А сколь уже раз нависала над Болотниковым коварная вражья рука! Сколь раз хотели его пырнуть ножом, поразить стрелой… Вражья рука! Она унесла самых верных и стойких содругов — Матвея Аничкина и Мирона Нагибу, Григория Солому и Федора Берсеня. (Солома и Берсень сложили головы под Можайском.) А жив ли Васюта Шестак? Последнюю весть о нем услышал пять недель назад. Отряд Шестака громил барские поместья в Смоленских землях. Громи, Васюта, и живи, живи, друже любый!

В покои вошел Юшка Беззубцев.

— В застенке старца-преступника Ивана Небника обнаружили. Чудной какой-то. Тебя кличет, Иван Исаевич.

— Меня?.. Старец? — рассеянно переспросил Иван Исаевич.

— Десять лет просидел в темнице и выбираться не хочет.

— Тать?

— Диковинное о старце сказывают. Будто помышлял в молодости птицей на небо взлететь. Слышал небось о холопе Никите, что при Иване Грозном на крыльях в Александровой слободе летал? Так сей человек, сказывают, помогал Никите крылья ладить. Никиту царь казнил, а Ивана Небника в подземок отправил.

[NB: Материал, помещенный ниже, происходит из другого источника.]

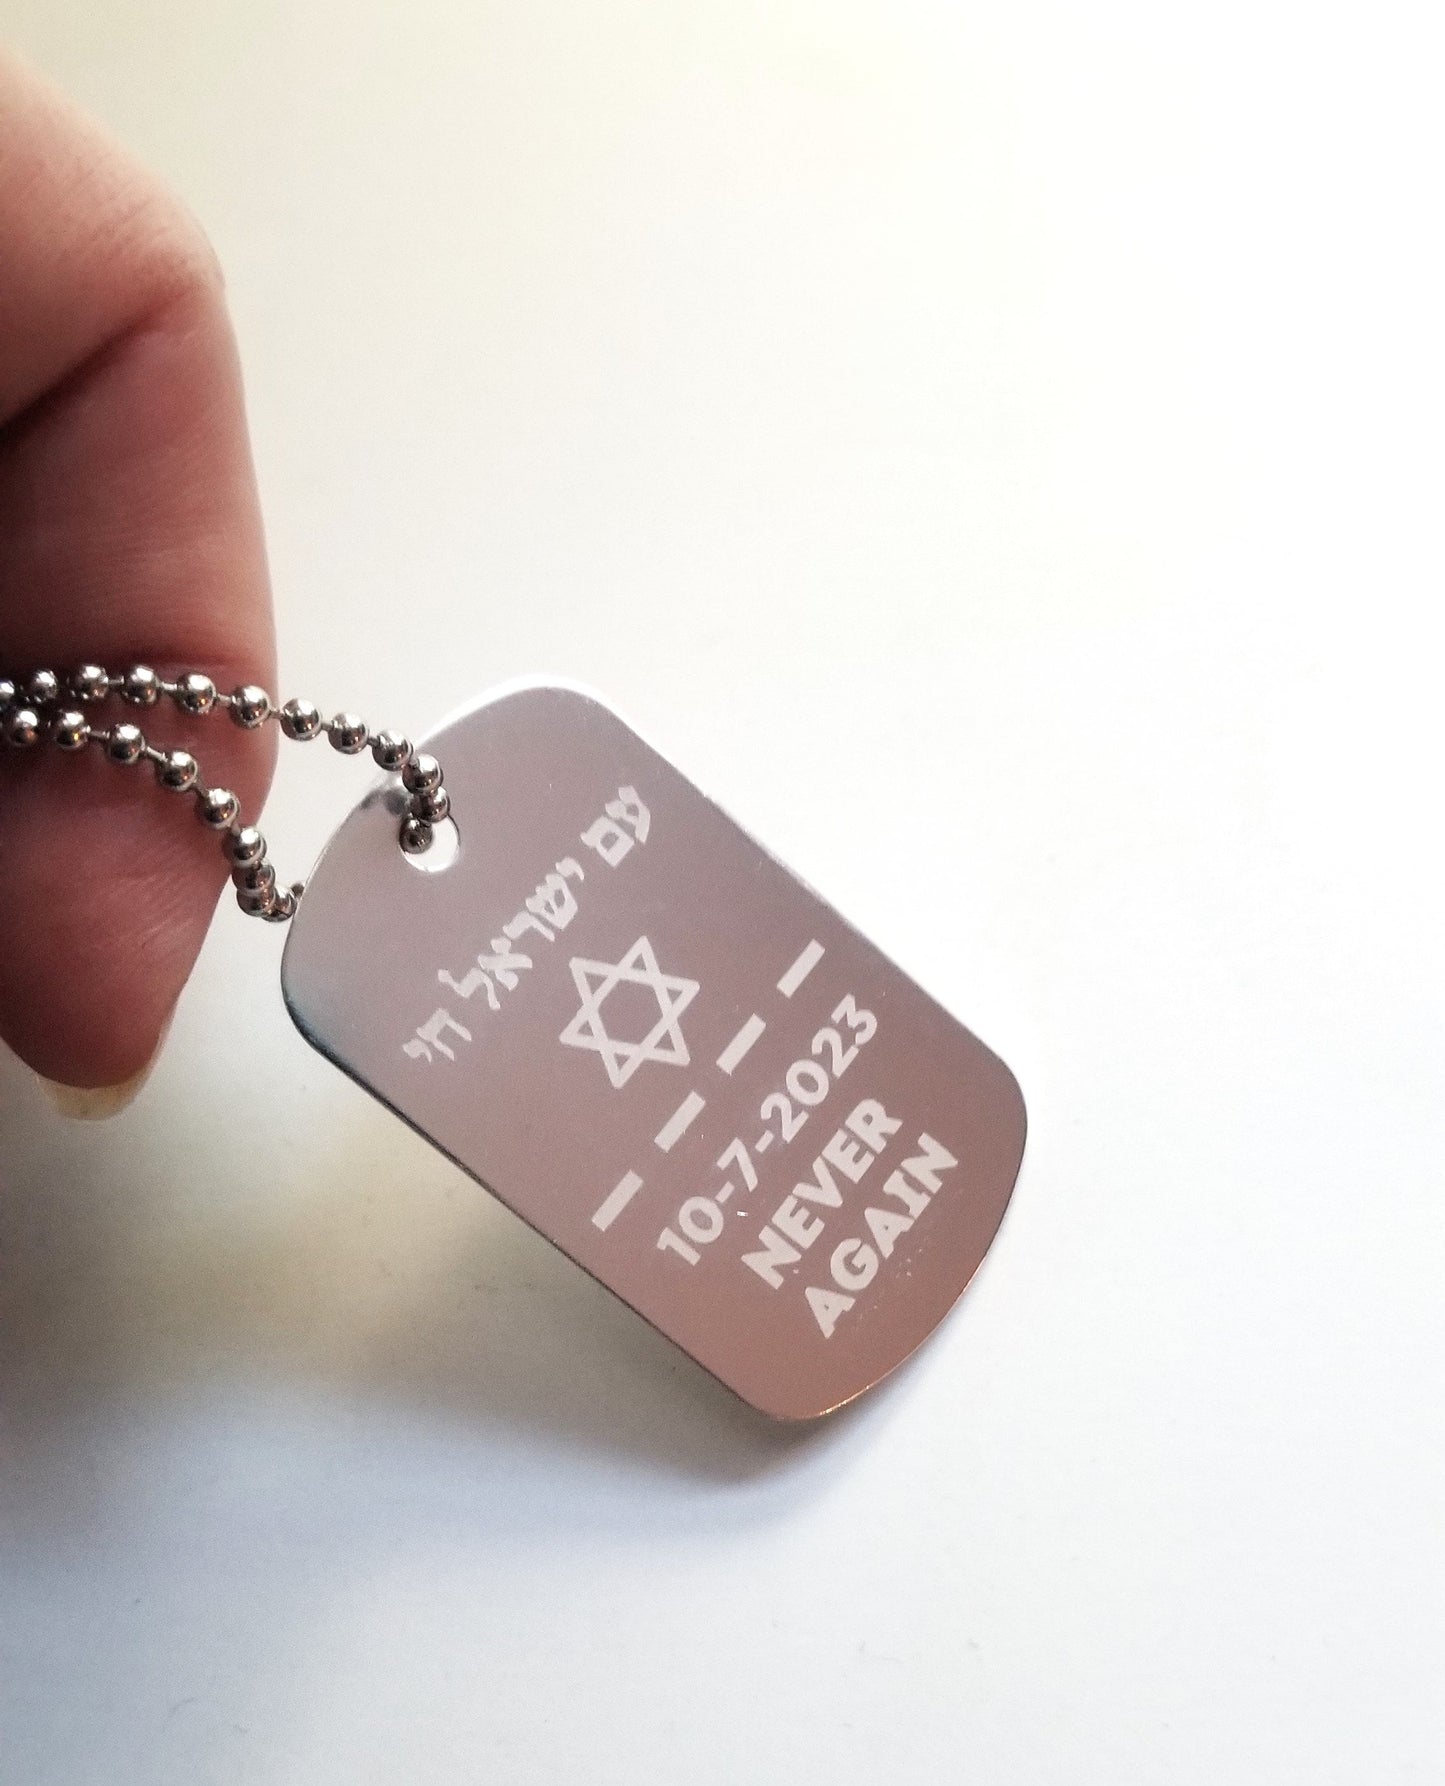 Am Israel Chai Military tag, Israeli military army necklace in black or silver, Hebrew Jewelry, Stand with Israel, Never again Jewish gift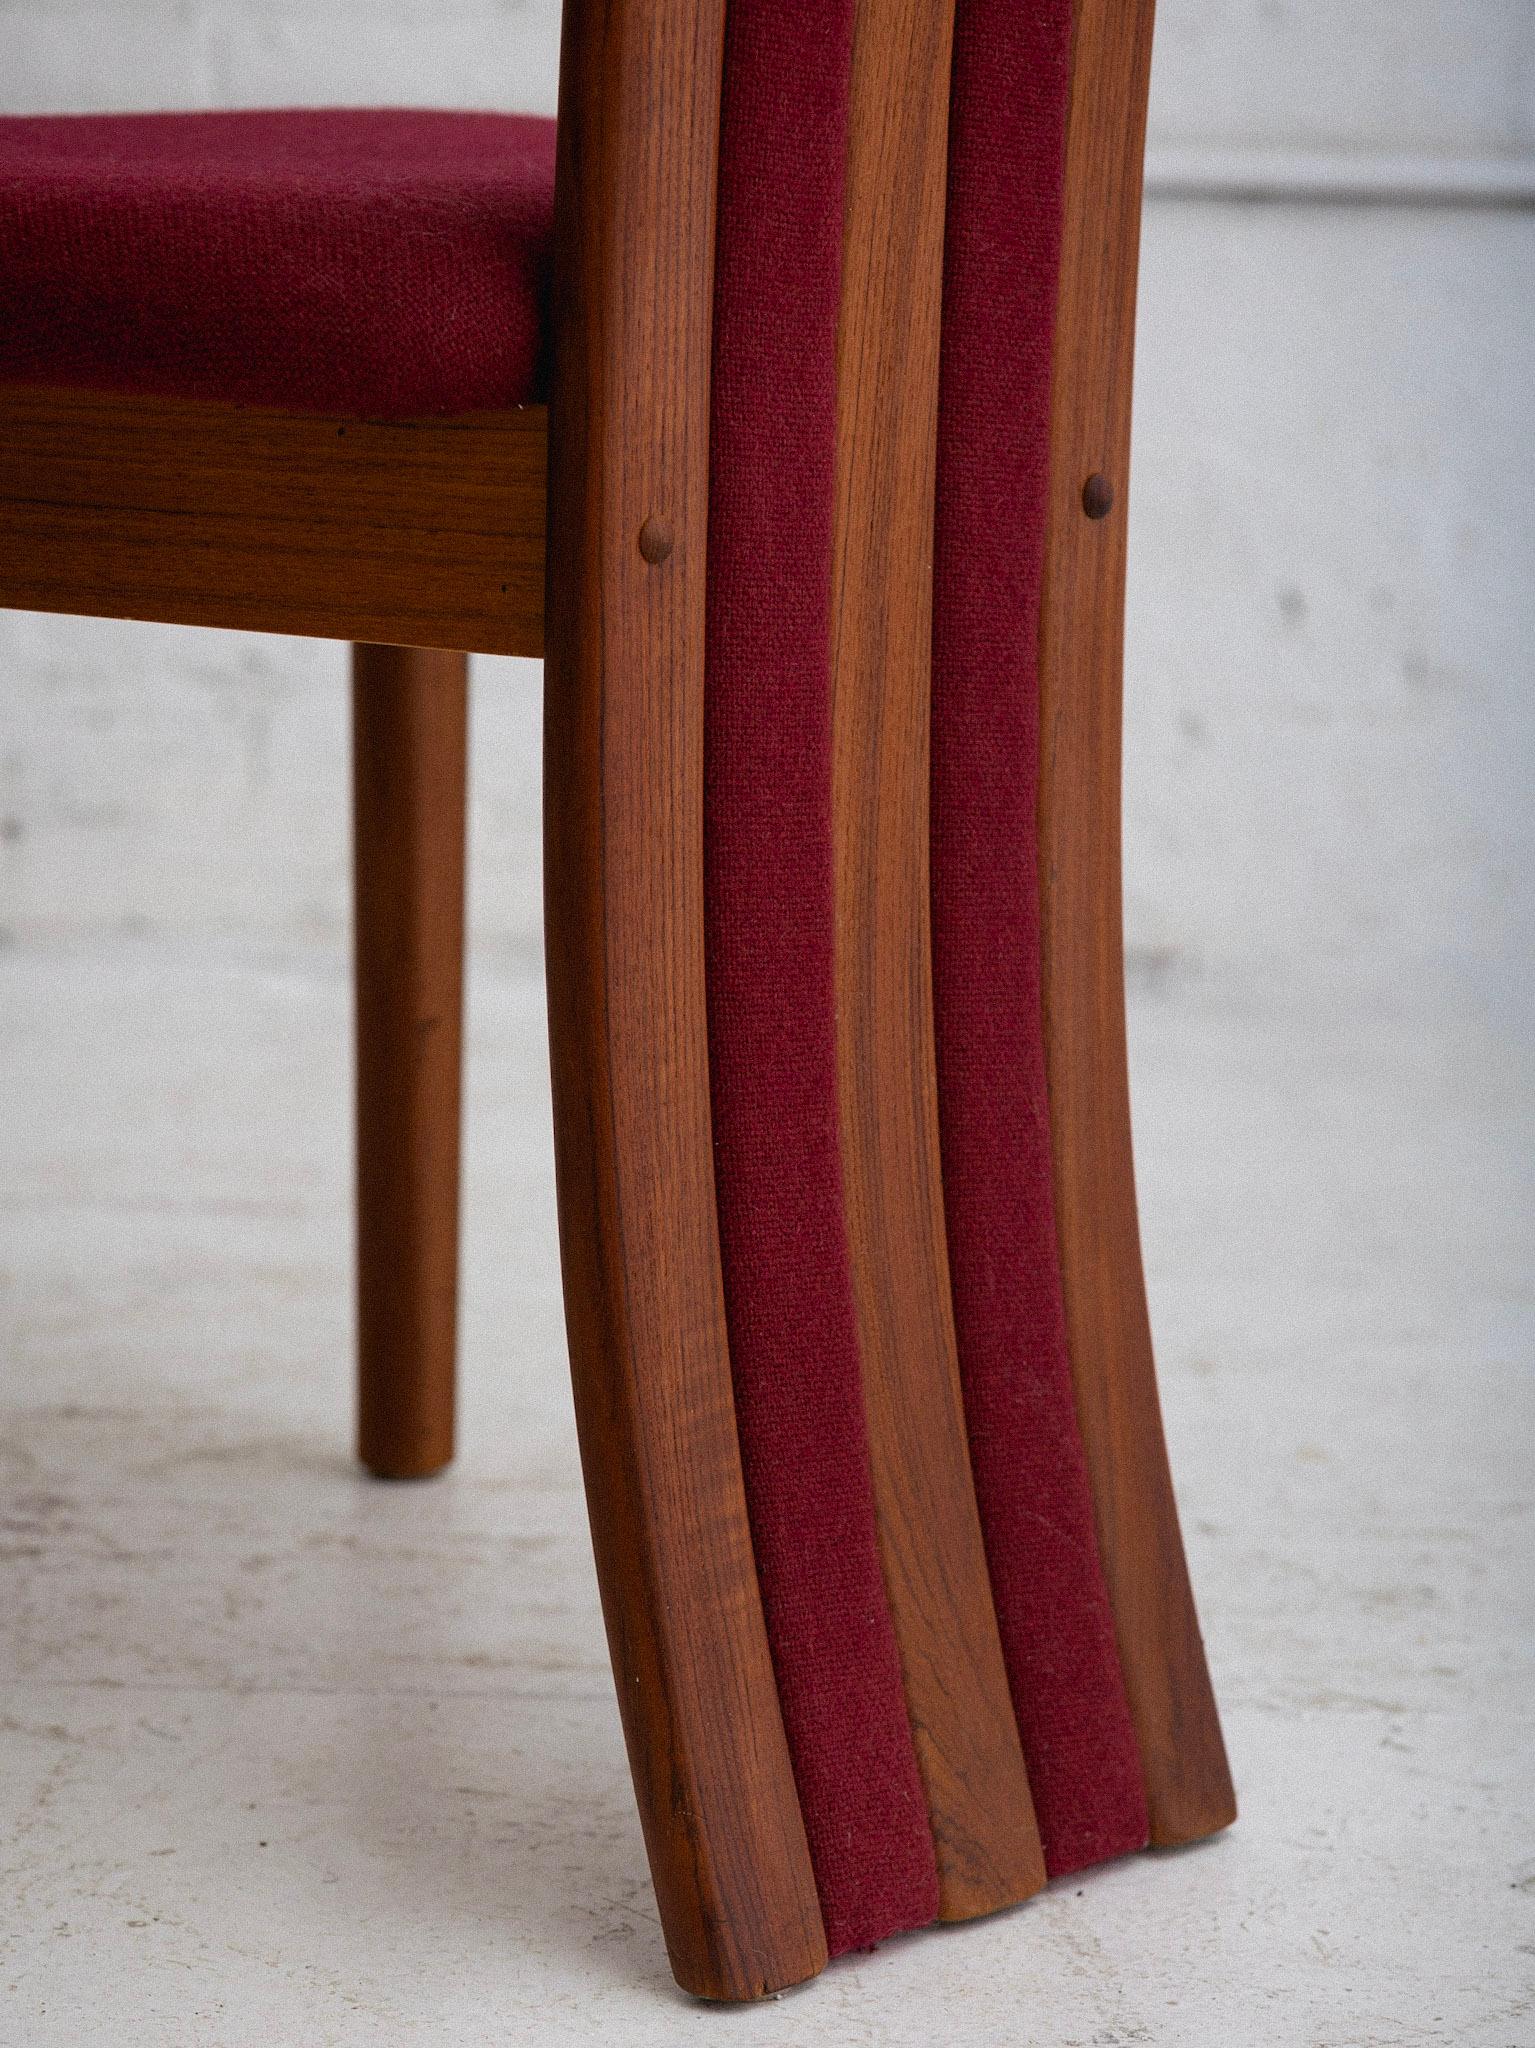 Post Modern Sculpted Teak Dining Chairs by Benny Linden - a Set of 6 2

— Люто же царь обошелся… Охота мне глянуть на Ивана Небника.

В подземелье повеяло холодом и сыростью. При свете факелов разглядели узника, лежащего на охапке пожухлой соломы. Он дряхл и невесом. Живой скелет. Раскованный, (подле лежат колодки и ржавые цепи.) Серебряная клочкастая борода до пояса.

— Ты хотел видеть Большого воеводу. Он перед тобой, старче, — молвил Юшка.

Глубоко запавшие глаза узника ожили.

— Ужель и впрямь Иван Исаевич? — голос глухой, замогильный, заплесневелый. — А ну подсядь ко мне ближе. Хочу в лицо твое глянуть… Посветите, молодшие.

Болотников подсел. Огромные глаза узника — одни они только и остались — неподвижно, изучающе вперились в глаза Ивана Исаевича, и этот пронзительный взгляд был настолько долгим, что даже Юшка не выдержал.

— Аль сомневаешься, старче?

— Нет, молодший, — слабо качнулся Иван Небник и высохшей узловатой рукой провел по лицу Болотникова. — Выходит правду о тебе в народе сказывают. Теперь сам зрю. Чую, велик ты силой и духом, Иван Исаевич. Спасибо, что за простой люд бьешься и за него же безмерно страдаешь. Вельми тяжек твой крест, но тебя не подмять никакой силе. Погибать станешь, через лютые казни пройдешь, но народу будешь до конца верен. Стоек ты, Иван Исаевич. Ведай же: имя твое будет века жить.